The problem =
When the records are reproduced, each one must match exactly, and no picture may be kept.

Task inputs =
Start of Block
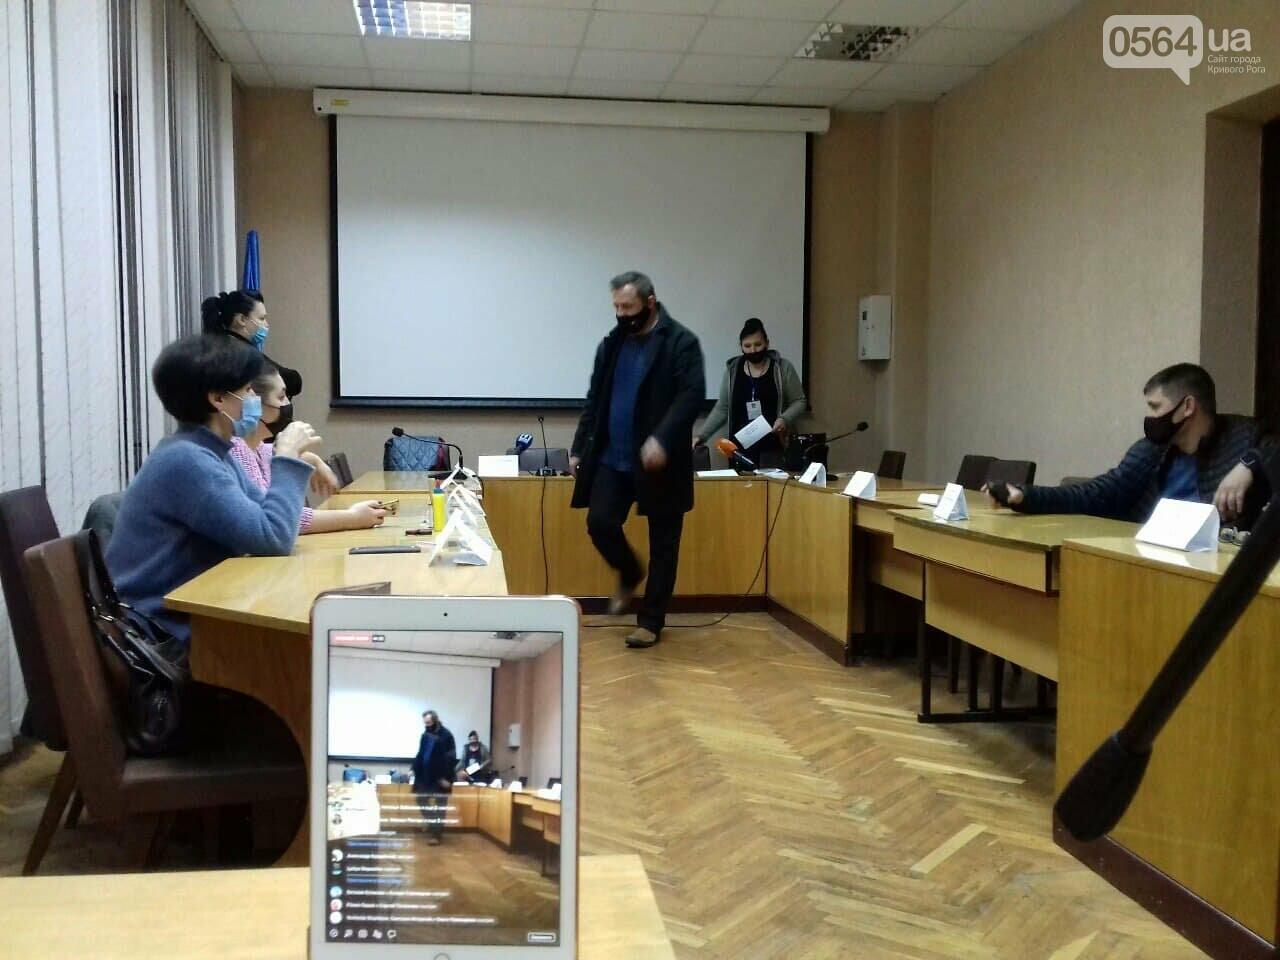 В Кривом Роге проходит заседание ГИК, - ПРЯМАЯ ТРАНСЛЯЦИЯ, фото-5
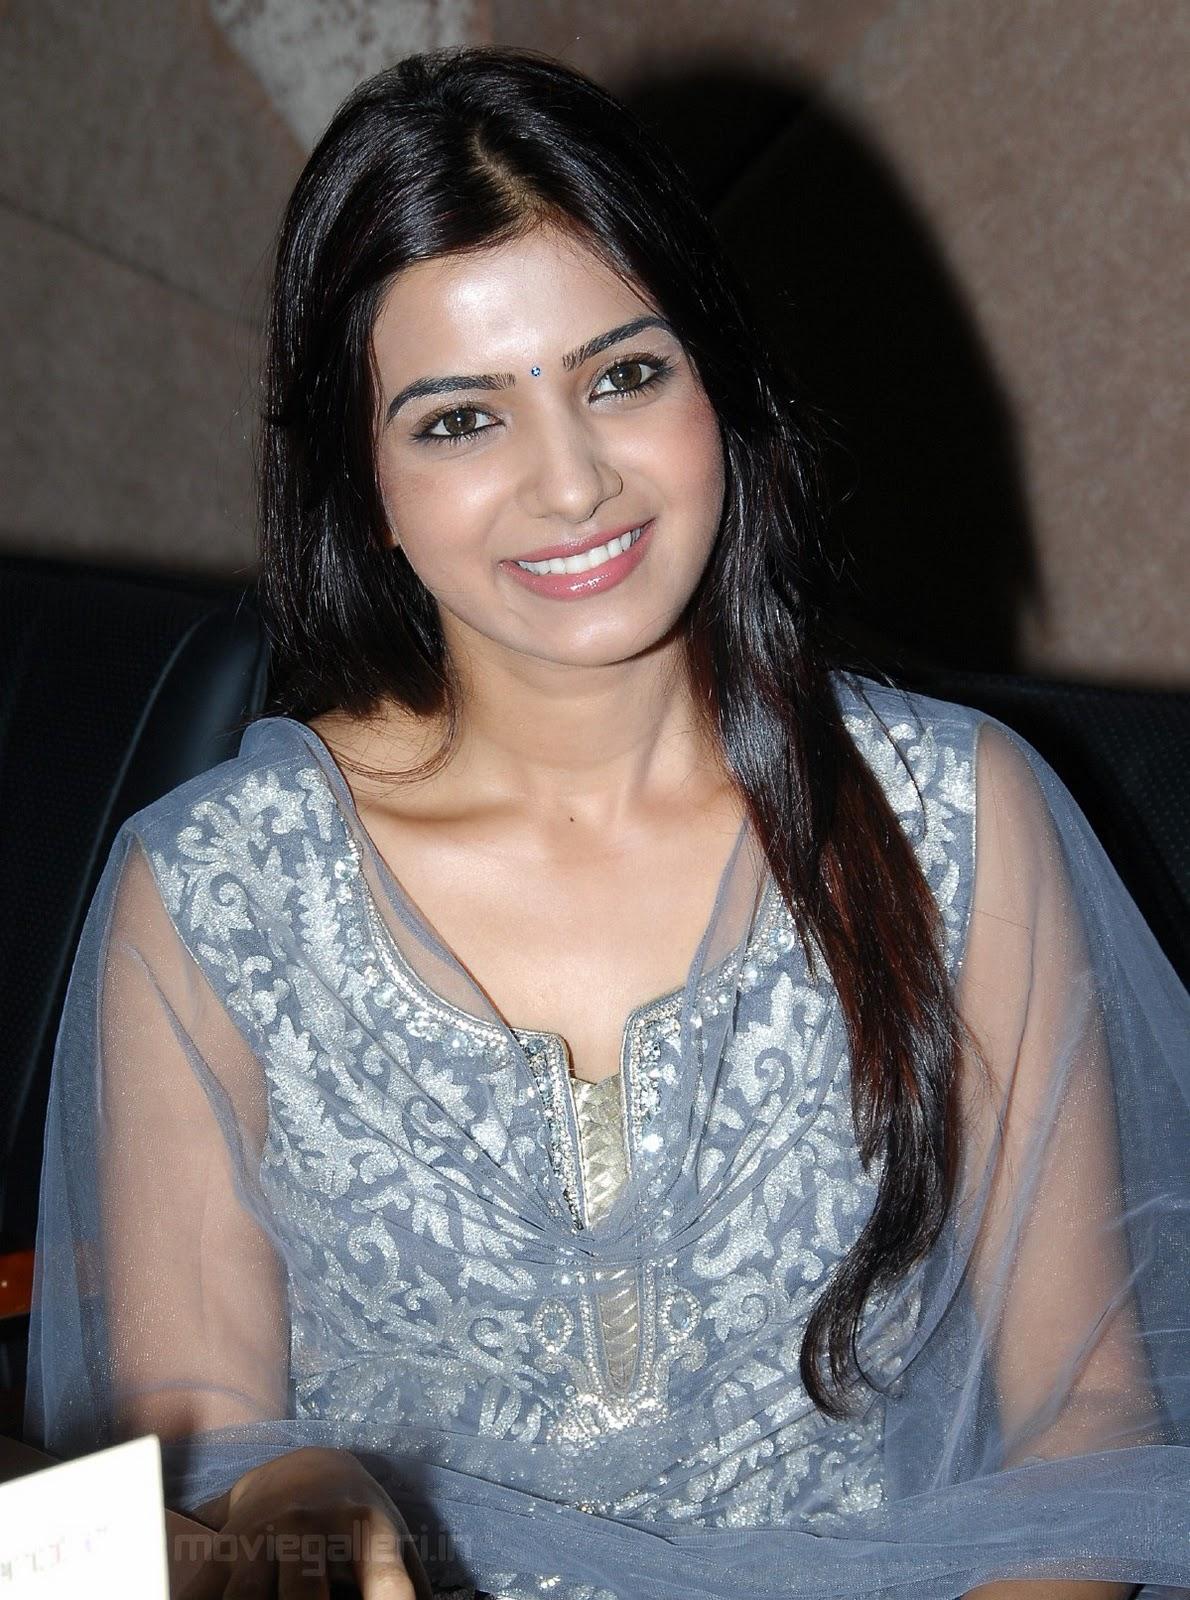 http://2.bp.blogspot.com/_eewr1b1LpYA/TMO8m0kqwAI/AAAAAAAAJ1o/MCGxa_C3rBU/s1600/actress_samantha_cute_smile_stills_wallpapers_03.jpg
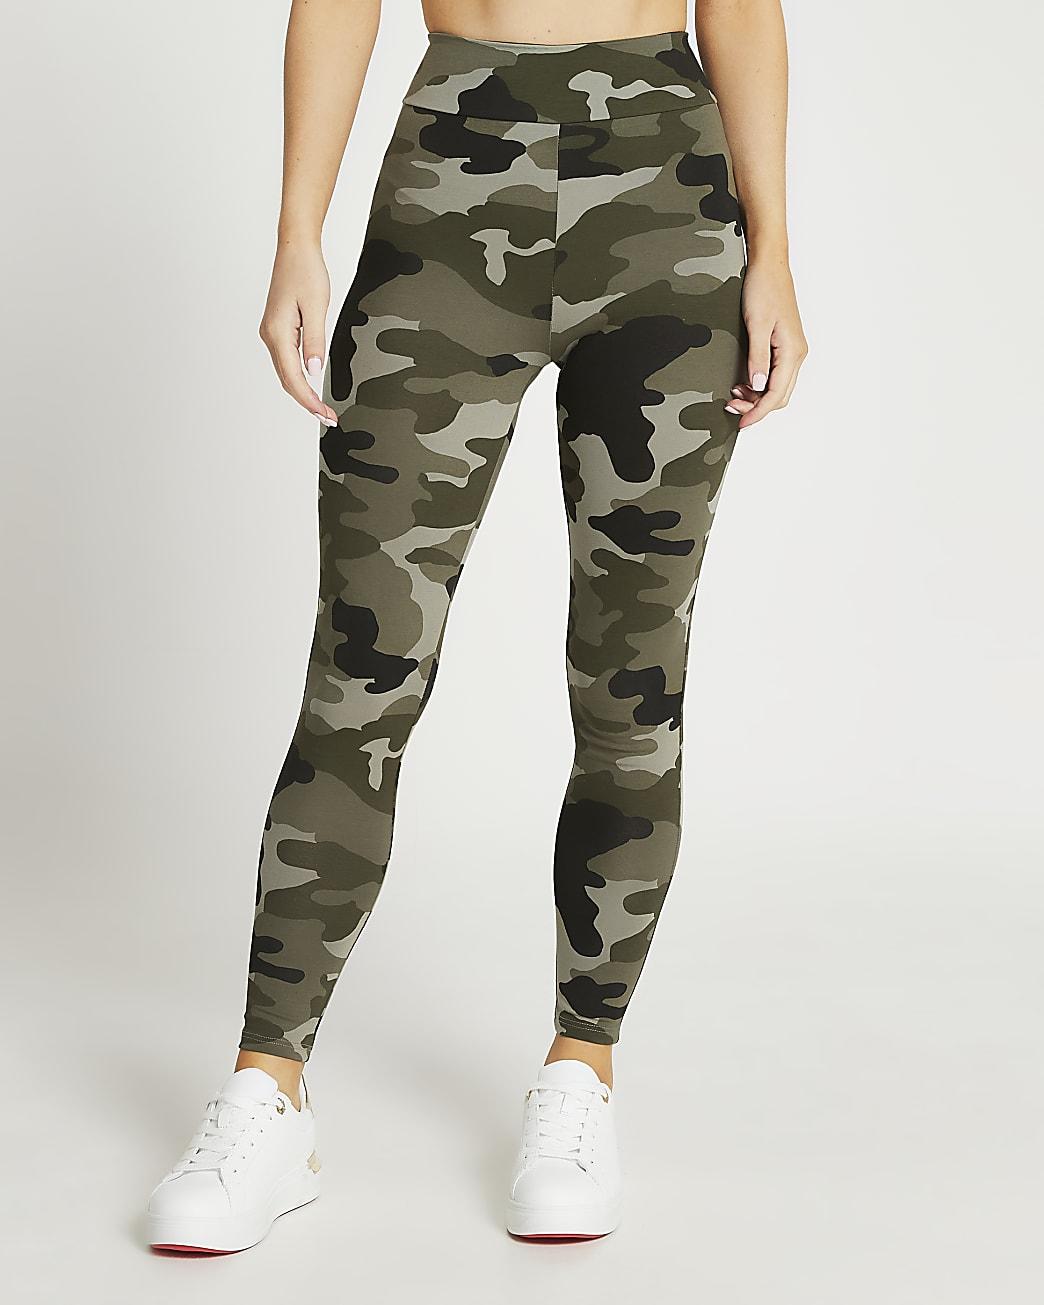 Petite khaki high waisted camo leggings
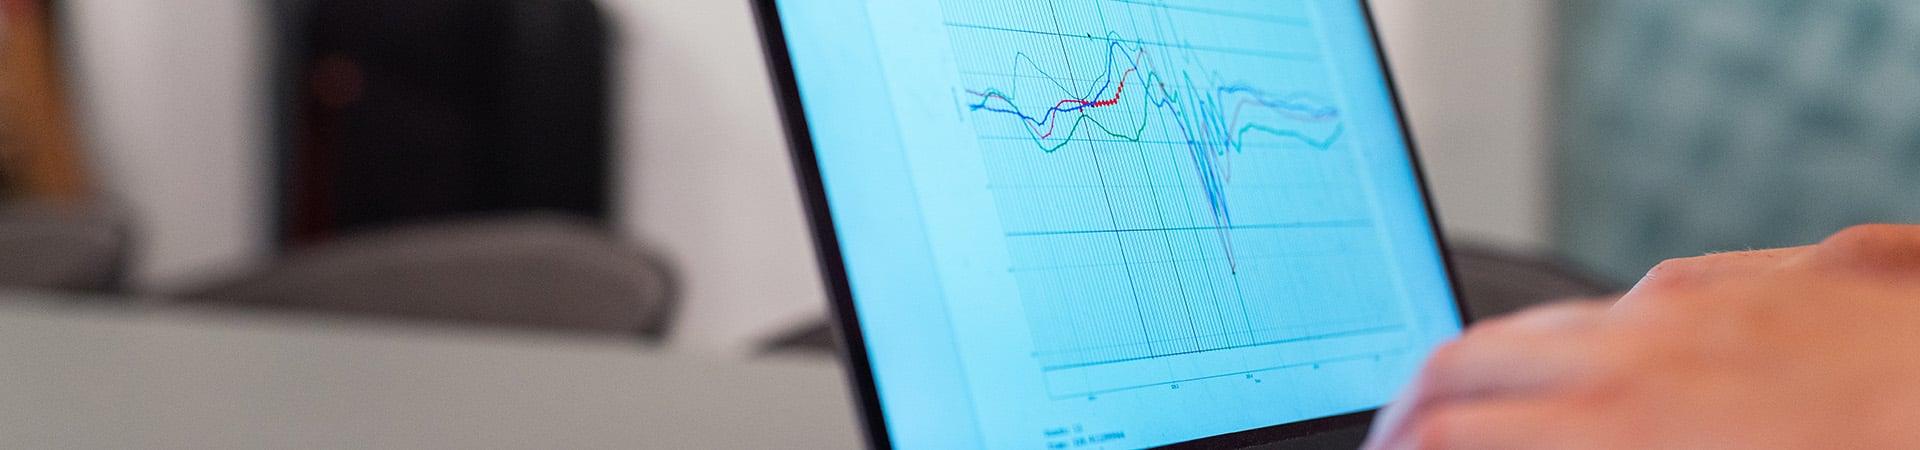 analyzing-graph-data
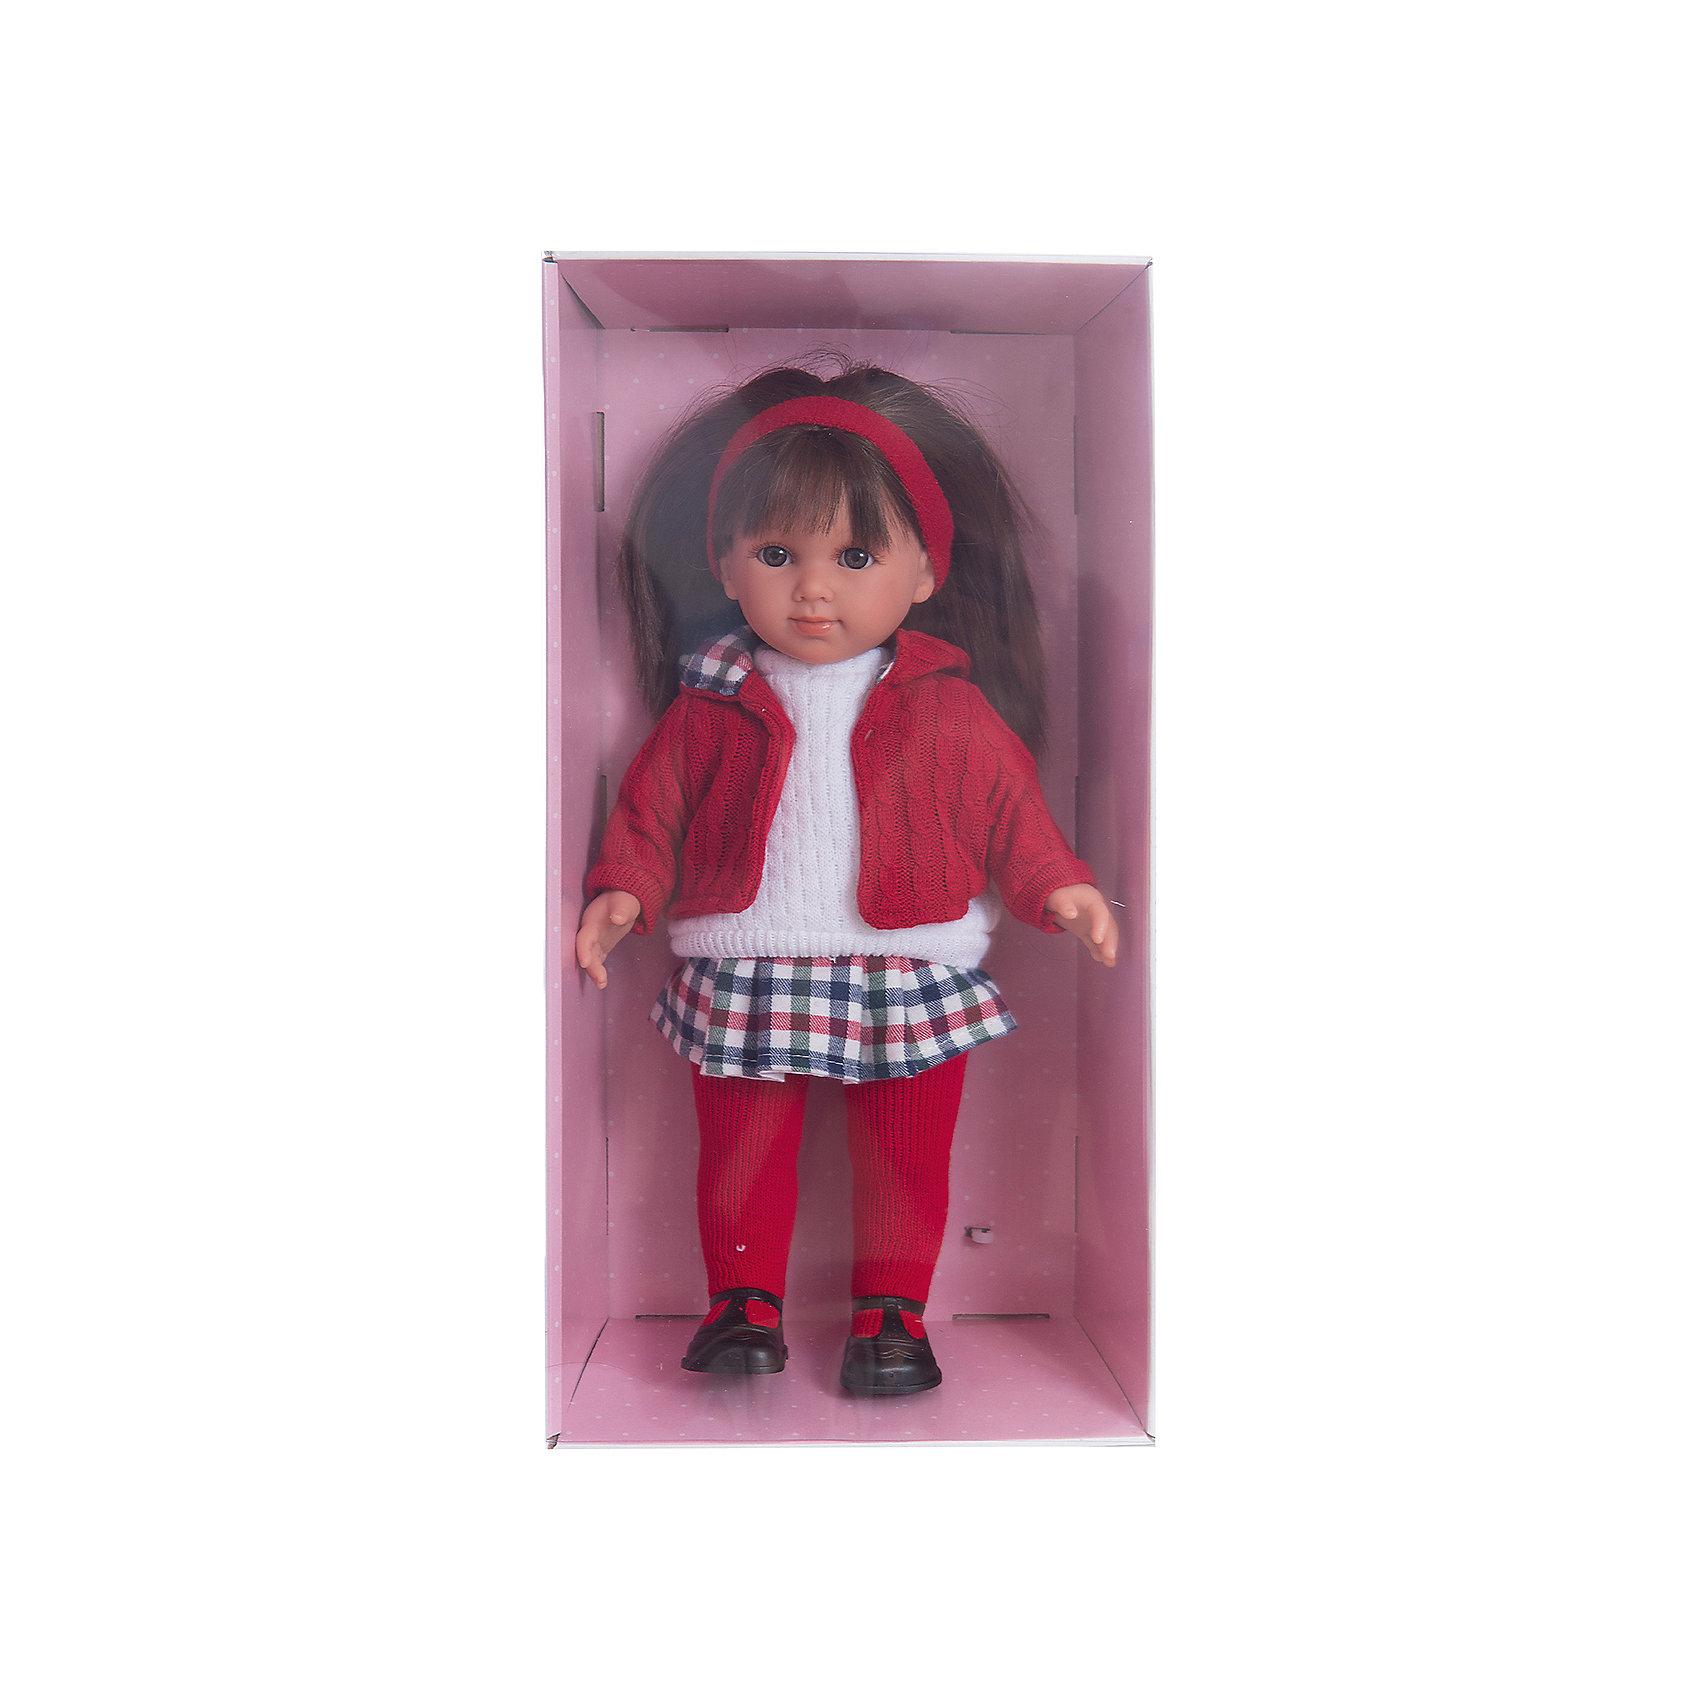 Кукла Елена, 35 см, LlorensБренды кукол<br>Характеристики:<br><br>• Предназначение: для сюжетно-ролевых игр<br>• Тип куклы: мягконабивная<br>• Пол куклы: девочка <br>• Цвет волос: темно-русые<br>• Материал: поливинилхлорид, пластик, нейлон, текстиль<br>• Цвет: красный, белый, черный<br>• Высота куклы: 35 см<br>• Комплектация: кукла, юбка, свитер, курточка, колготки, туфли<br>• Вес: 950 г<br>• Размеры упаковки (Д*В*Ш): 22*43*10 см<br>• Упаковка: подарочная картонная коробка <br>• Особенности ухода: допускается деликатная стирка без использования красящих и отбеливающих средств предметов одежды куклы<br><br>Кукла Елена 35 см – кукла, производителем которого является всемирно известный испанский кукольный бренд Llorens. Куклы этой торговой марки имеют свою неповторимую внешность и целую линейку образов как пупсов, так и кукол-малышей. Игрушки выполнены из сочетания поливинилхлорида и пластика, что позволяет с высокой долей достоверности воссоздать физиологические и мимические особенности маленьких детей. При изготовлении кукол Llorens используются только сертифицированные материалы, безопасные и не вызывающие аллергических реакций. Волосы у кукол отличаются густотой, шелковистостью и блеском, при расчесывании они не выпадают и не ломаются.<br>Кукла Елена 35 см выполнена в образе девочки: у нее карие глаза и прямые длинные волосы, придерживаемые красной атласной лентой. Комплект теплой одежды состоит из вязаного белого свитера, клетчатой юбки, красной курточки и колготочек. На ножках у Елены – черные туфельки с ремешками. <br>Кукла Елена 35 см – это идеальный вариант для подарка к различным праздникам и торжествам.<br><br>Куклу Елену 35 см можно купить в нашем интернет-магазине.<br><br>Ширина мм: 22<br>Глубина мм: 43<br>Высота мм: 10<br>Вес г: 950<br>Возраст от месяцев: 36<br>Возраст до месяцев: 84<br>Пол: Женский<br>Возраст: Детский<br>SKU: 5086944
End of Block
Response =
 В Кривом Роге проходит заседание ГИК, - ПРЯМАЯ ТРАНСЛЯЦИЯ, фото-5
 http://2.bp.blogspot.com/_eewr1b1LpYA/TMO8m0kqwAI/AAAAAAAAJ1o/MCGxa_C3rBU/s1600/actress_samantha_cute_smile_stills_wallpapers_03.jpg
 Petite khaki high waisted camo leggings
 analyzing-graph-data
 Кукла Елена, 35 см, LlorensБренды кукол<br>Характеристики:<br><br>• Предназначение: для сюжетно-ролевых игр<br>• Тип куклы: мягконабивная<br>• Пол куклы: девочка <br>• Цвет волос: темно-русые<br>• Материал: поливинилхлорид, пластик, нейлон, текстиль<br>• Цвет: красный, белый, черный<br>• Высота куклы: 35 см<br>• Комплектация: кукла, юбка, свитер, курточка, колготки, туфли<br>• Вес: 950 г<br>• Размеры упаковки (Д*В*Ш): 22*43*10 см<br>• Упаковка: подарочная картонная коробка <br>• Особенности ухода: допускается деликатная стирка без использования красящих и отбеливающих средств предметов одежды куклы<br><br>Кукла Елена 35 см – кукла, производителем которого является всемирно известный испанский кукольный бренд Llorens. Куклы этой торговой марки имеют свою неповторимую внешность и целую линейку образов как пупсов, так и кукол-малышей. Игрушки выполнены из сочетания поливинилхлорида и пластика, что позволяет с высокой долей достоверности воссоздать физиологические и мимические особенности маленьких детей. При изготовлении кукол Llorens используются только сертифицированные материалы, безопасные и не вызывающие аллергических реакций. Волосы у кукол отличаются густотой, шелковистостью и блеском, при расчесывании они не выпадают и не ломаются.<br>Кукла Елена 35 см выполнена в образе девочки: у нее карие глаза и прямые длинные волосы, придерживаемые красной атласной лентой. Комплект теплой одежды состоит из вязаного белого свитера, клетчатой юбки, красной курточки и колготочек. На ножках у Елены – черные туфельки с ремешками. <br>Кукла Елена 35 см – это идеальный вариант для подарка к различным праздникам и торжествам.<br><br>Куклу Елену 35 см можно купить в нашем интернет-магазине.<br><br>Ширина мм: 22<br>Глубина мм: 43<br>Высота мм: 10<br>Вес г: 950<br>Возраст от месяцев: 36<br>Возраст до месяцев: 84<br>Пол: Женский<br>Возраст: Детский<br>SKU: 5086944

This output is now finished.